- United Arab Emirates / Afghanistan
- Dates: 16 – 19 February 2023
- Captains: Chundangapoyil Rizwan / Rashid Khan

Twenty20 International series
- Results: Afghanistan won the 3-match series 2–1
- Most runs: Muhammad Waseem (199) / Karim Janat (116)
- Most wickets: Zahoor Khan (5) / Rashid Khan (4)

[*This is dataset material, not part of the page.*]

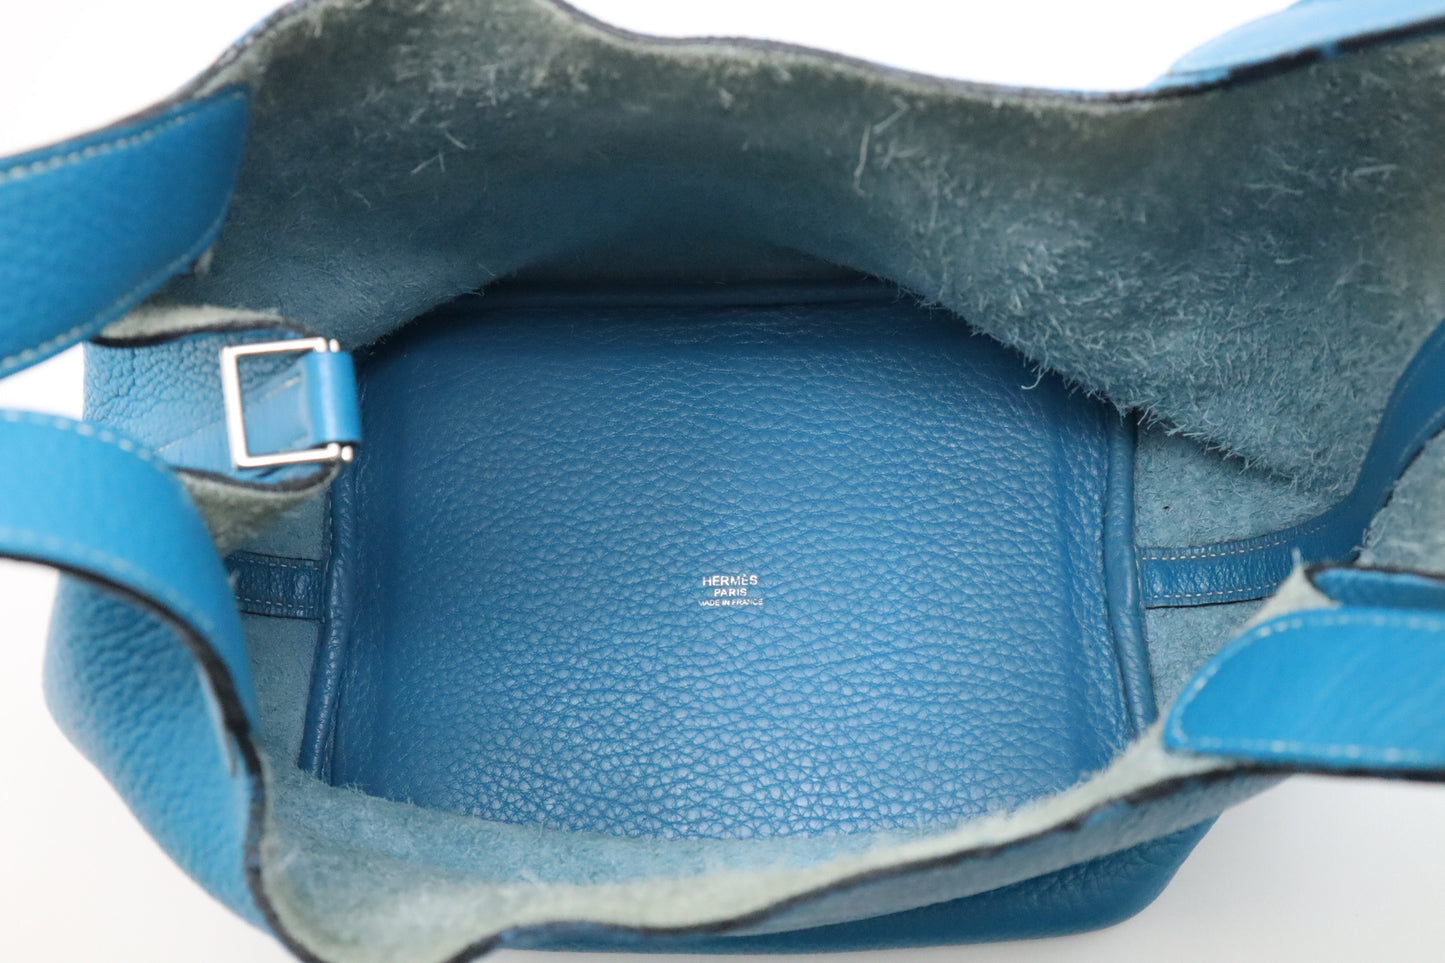 Hermes Picotin 22 in Blue Clemence Leather

= Afghan cricket team in the United Arab Emirates in 2022–23 =

International cricket tour

The Afghanistan men's cricket team toured the United Arab Emirates in February 2023 to play three Twenty20 International (T20I) matches. The dates for the tour were confirmed in January 2023. In November 2022, the Afghanistan Cricket Board signed a five-year agreement with the Emirates Cricket Board to play their home matches in the UAE. This was the first annual series between the two sides to be arranged as part of the agreement.

==Squads==

| United Arab Emirates | Afghanistan |
|---|---|
| Chundangapoyil Rizwan (c); Vriitya Aravind; Zawar Farid; Basil Hameed; Muhammad Jawadullah; Aayan Afzal Khan; Zahoor Khan; Karthik Meiyappan; Rohan Mustafa; Fahad Nawaz; Akif Raja; Alishan Sharafu; Sanchit Sharma; Junaid Siddique; Ansh Tandon; Muhammad Waseem; | Rashid Khan (c); Fareed Ahmad; Noor Ahmad; Sharafuddin Ashraf; Fazalhaq Farooqi; Rahmanullah Gurbaz (wk); Karim Janat; Zahir Khan; Nijat Masood; Gulbadin Naib; Naveen-ul-Haq; Azmatullah Omarzai; Rahmat Shah; Mujeeb Ur Rahman; Ibrahim Zadran; Najibullah Zadran; Afsar Zazai; Hazratullah Zazai; |

On 28 January 2023, Afghanistan named a preliminary squad of 23 players for a training camp in the UAE.